Page 1 of 1

Random Split Data

Posted: Mon Mar 21, 2016 8:34 am
by diggetybo
Hey everyone,

I'm aware that certain sample selection methods can be used to do in-sample predictions and measure test error, but I would like to know if eviews has a built-in way to do a random split on the data in the workfile. A browse through the command reference suggests it is not supported. But let me reiterate, I'm imagining a configurable command, say between 0 and 1. In my imaginary function:

Code: Select all

sample sample_data =@randomsplit(.8)
80% of the workfile size would be selected at random and saved as a sample called "sample_data" and I guess the remaining 20% should be stored somewhere too.

I don't think there is a way to do this with the if clause in the sample GUI, but that just might be my user error.

In any event, please share some of the typical ways this is achieved in eviews.

Re: Random Split Data

Posted: Mon Mar 21, 2016 8:39 am
by EViews Gareth

Code: Select all

smpl if rnd<0.8

Re: Random Split Data

Posted: Mon Mar 21, 2016 8:40 am
by startz
smpl if rnd<.8

or

series keep = rnd<.8
smpl if keep
wfsave
smpl if not keep
wfsave

Re: Random Split Data

Posted: Mon Mar 21, 2016 8:42 am
by diggetybo
Ok great, thanks again.

If I wanted to run some tests in the remaining 20% of the data in isolation would that be possible in the way you suggested?

Would subtracting the 80% sample from @all give me the 20%? or do samples not work like that?

Re: Random Split Data

Posted: Mon Mar 21, 2016 8:44 am
by startz
No problem. Just use
smpl if not keep

Re: Random Split Data

Posted: Mon Mar 21, 2016 8:47 am
by diggetybo
Oh I understand now, thanks!

Re: Random Split Data

Posted: Mon Mar 21, 2016 5:42 pm
by diggetybo
Hey, I'm back after having some time to take the sample selections you guys suggested for a test drive. I have some final questions when you have the chance,

1. The rnd < .8 if clause sample seemed very elegant in terms of the coding, so I liked it. However even after I created a sample object in my workfile this method would use a different random .8 sample every time I clicked estimate. I tried creating a separate sample named "fixed_data" from my existing .8 random sample range called "random_data":

Code: Select all

sample fixed_data = random_data
However, it said: Error, illegal date "=". So, it seems equating/assigning samples to each other is not allowed? If that's the case, is there some other way I can fix the sample after it has be randomly drawn the first time?

2. The series "keep" approach does work and doesn't recalculate each time, which is great if I need to go back and add/remove things from the estimation. The only drawback is taking up object space if you have a large data set and need many different randomly drawn samples. Also, I'm not sure why we have to call wfsave after.

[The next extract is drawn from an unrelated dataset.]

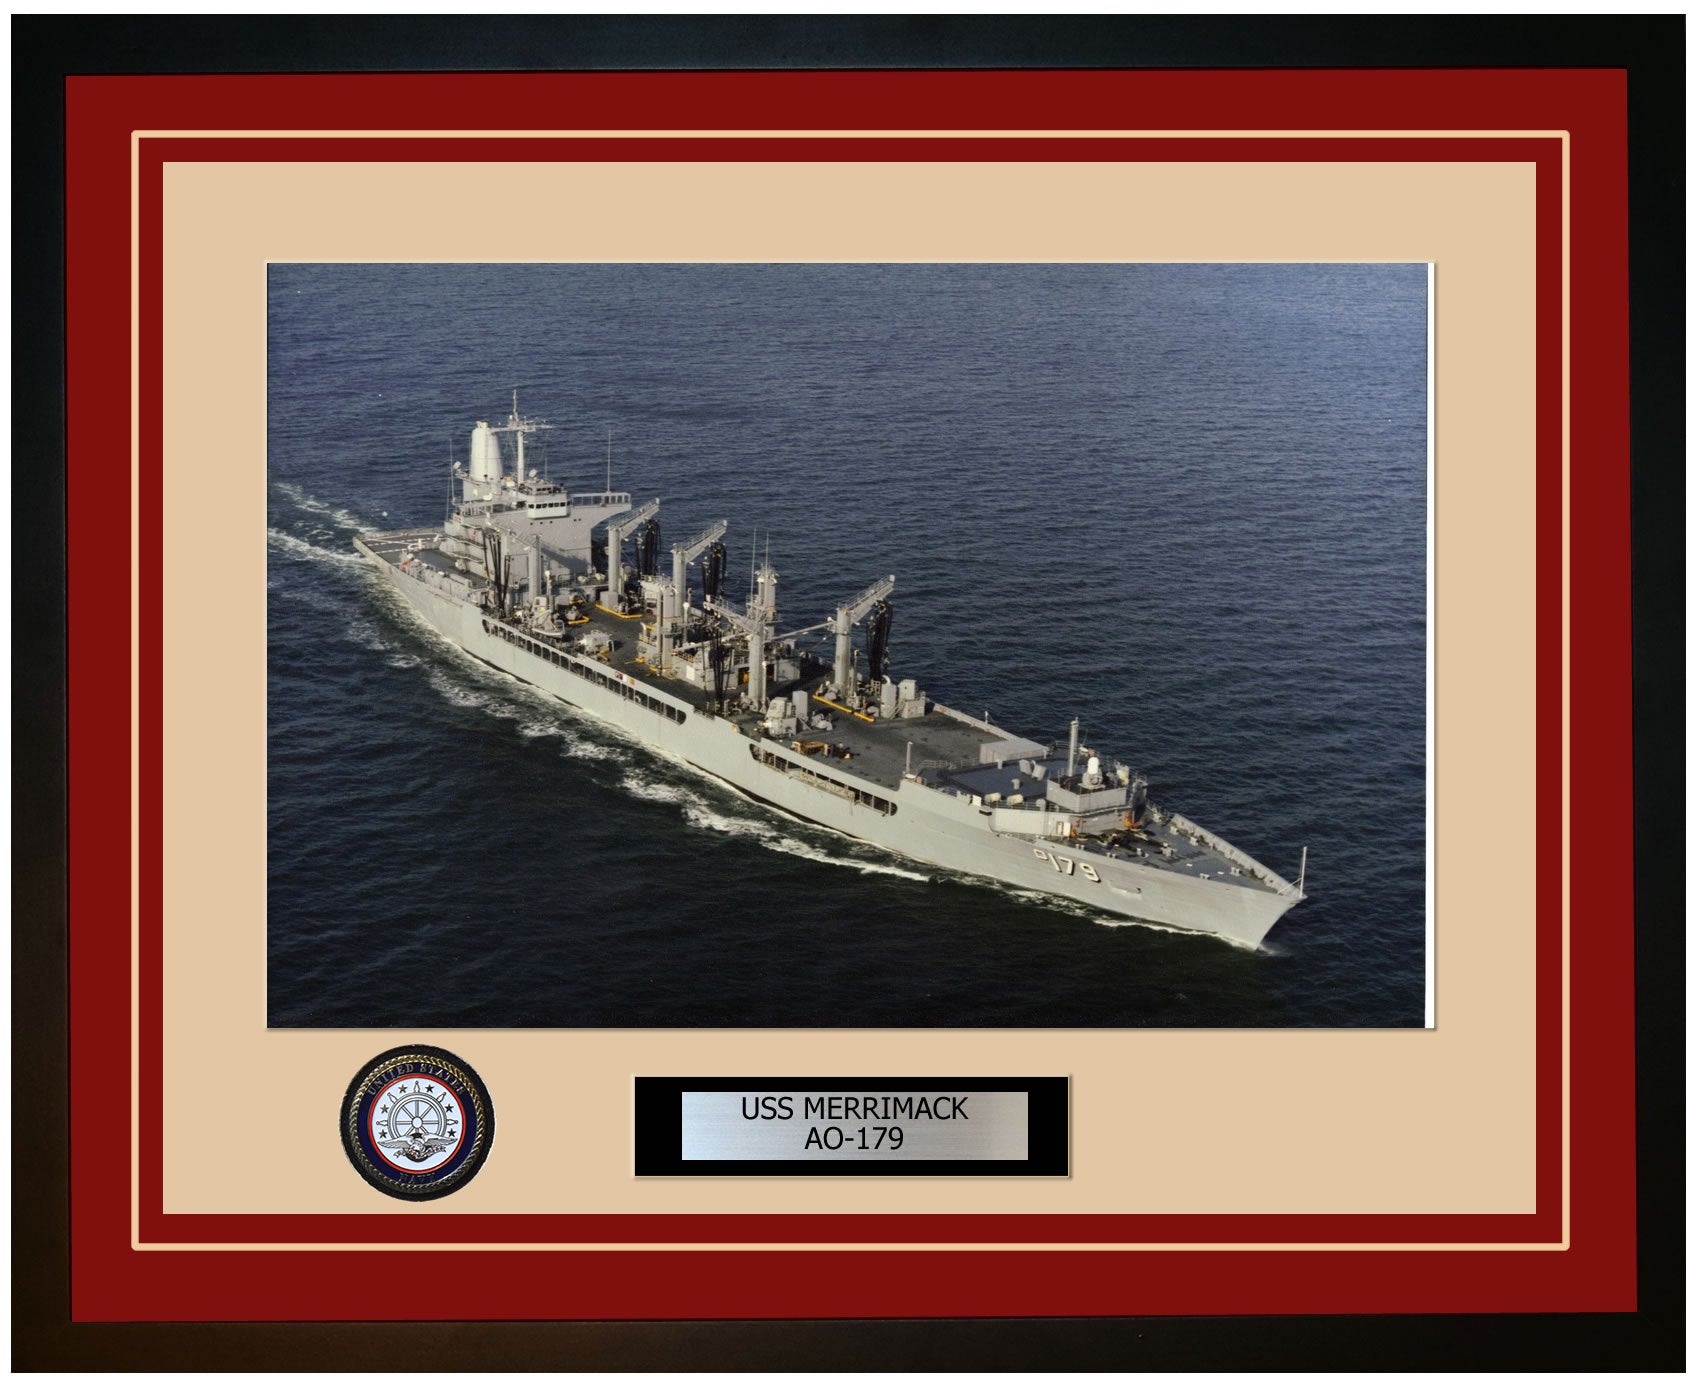 USS MERRIMACK AO-179 Framed Navy Ship Photo Burgundy

So I'm using the keep way for now, but ideally I'd like to find someway to get the first method to work. Let me know if there is something more I can do.

I appreciate all the help!

Re: Random Split Data

Posted: Mon Mar 21, 2016 5:48 pm
by startz
The series keep is just a bunch of ones and zeros. It takes the same amount of space as any other series, which is to say that the space in memory is negligible. You could make a sample with

Code: Select all

sample s if keep
but that doesn't save any space. In fact, it adds an object.

Re: Random Split Data

Posted: Mon Mar 21, 2016 6:29 pm
by diggetybo
Hey startz,

Yea, you're right, the memory is negligible. I think it's mostly curiosity or stubbornness that has me still thinking on the .rnd way, even though the series 'keep' has already proved to work for me. I would suspect though, if you needed many distinct, randomly drawn samples from the data, at some point clutter would be an issue. You'd have to name them very intuitively, if the keep series name gets longer as a result, it will be hard to refer to it without auto-complete, or if you go with keep1, keep2, ect you'd need a legend/key. Anyway it might complicate things, if taken to the extreme.

Another thought that occurred is writing a program to run tests then delete the keep series as necessary if you are ocd about objects in the worfkile.

As it stands though, a static random sample using only the GUI if clause is not feasible?

Re: Random Split Data

Posted: Mon Mar 21, 2016 6:36 pm
by startz
Well, you could do what you suggested above: do a random sample and then save the observations in that sample. Then just use the saved workfile without worrying about the sample.

Re: Random Split Data

Posted: Mon Mar 21, 2016 7:34 pm
by EViews Gareth
You want a random sample that is persistent (I.e. The same observations are used every time). The only way to have it persistent is to keep it around (makes sense right?!).

You don't need to keep the sample objects around though. Just keep the series of 1/0s.

Sample objects are nothing more than little text strings - literally just the text "if keep=1".